По спутниковой связи я слышал то лучше, то хуже. Впрочем, ей было известно, насколько сдержанно я отношусь к ее мужу Лорану.

— Я подумаю, может быть, — сказал я, чтобы смягчить свой отказ, и, стиснув зубы и набрав воздуху в легкие, спросил: — А как Люка? Зоэ? Все в порядке?

Анне тоже нелегко было отвечать на мой вопрос о детях. Слушая ее, я заметил, что возле меня, прямо посреди пустынной улицы, остановился какой-то автомобиль. Это был небесно-голубой новый «пежо-кабриолет», в котором сидели три молодых парня, все арабы. Один из них взгромоздился на спинку заднего сиденья. Другой, на пассажирском месте, с обезображенным шрамами лицом, спокойно смотрел на улицу прямо перед собой, подняв на лоб изящные солнцезащитные очки и положив локоть на ребро дверцы. Парень за рулем, толстяк с жирной кожей, сощурив маленькие глазки, откровенно разглядывал меня.

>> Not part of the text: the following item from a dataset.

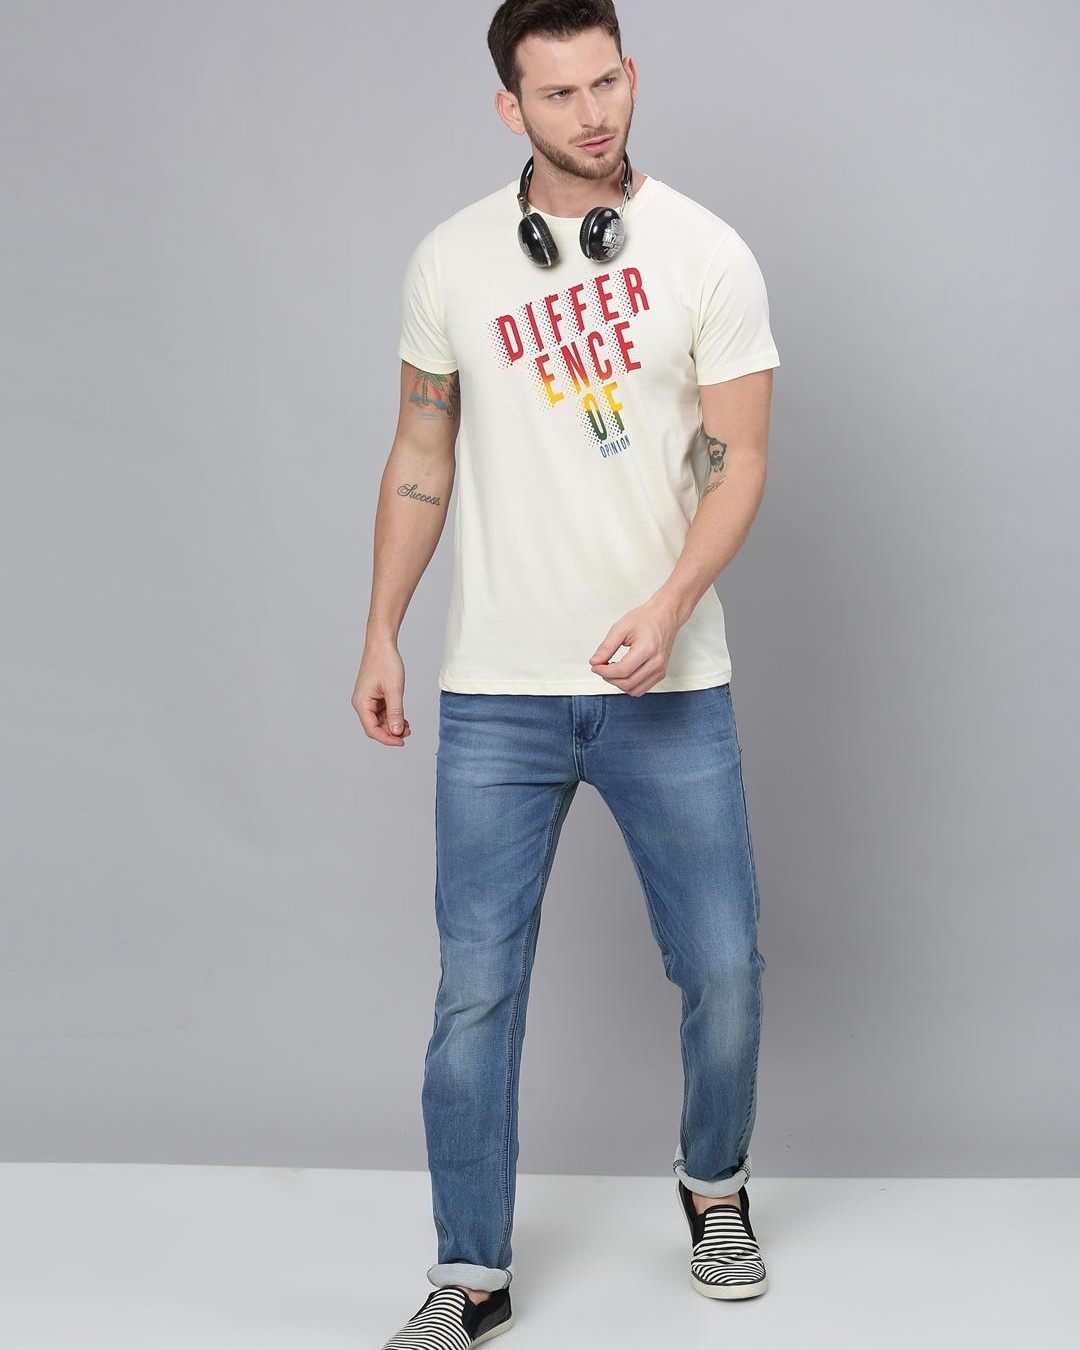 Buy Men's White Typography T-shirt for Men White Online at Bewakoof

В тот момент, когда наши взгляды встретились, он сделал мне знак открыть окно. Я сказал Анне, что у меня что-то спрашивают, и, пожелав ей спокойной ночи, пообещал перезвонить завтра. Закончив разговор, я потянулся, чтобы опустить стекло, и выглянул. Освещенные летним солнцем, эти трое, со своими короткими этническими прическами и спортивными костюмами ярких расцветок, напоминали французскую версию видеоклипа калифорнийского гангстерского рэпа.

— Что это у тебя за комиссариат? — властно спросил толстяк, не переставая бесцеремонно разглядывать меня.

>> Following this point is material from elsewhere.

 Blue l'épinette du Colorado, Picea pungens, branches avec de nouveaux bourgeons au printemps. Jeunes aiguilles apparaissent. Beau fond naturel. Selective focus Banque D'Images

Сзади ухмылялся парень на спинке сиденья. Третий, со шрамами, невозмутимо не отводил взгляда от конца улицы.

— Простите, что? — вытаращив глаза, вежливо спросил я своим буржуазным голосом.

Толстяк указал подбородком на решетку радиатора моего автомобиля: «Париж негодяев»; он странно улыбнулся, взглядом указав на код департамента моего номерного знака. Я не понял, на что он намекает, но, несмотря на очевидную агрессивность, скрывающуюся за его улыбкой, тоже улыбнулся, по всей вероятности впервые за последнюю неделю. До смерти Клемана подобная ситуация парализовала бы меня. Бешено заколотилось бы мое сердце, а ладони стали бы влажными. Я согласился бы на что угодно, лишь бы невредимым выпутаться из этой истории. На сей раз исход встречи был мне абсолютно безразличен. Чужая рука на моем горле, оскорбления, удар кулаком в лицо или ногой по яйцам, нож в живот — все отныне было мне безразлично.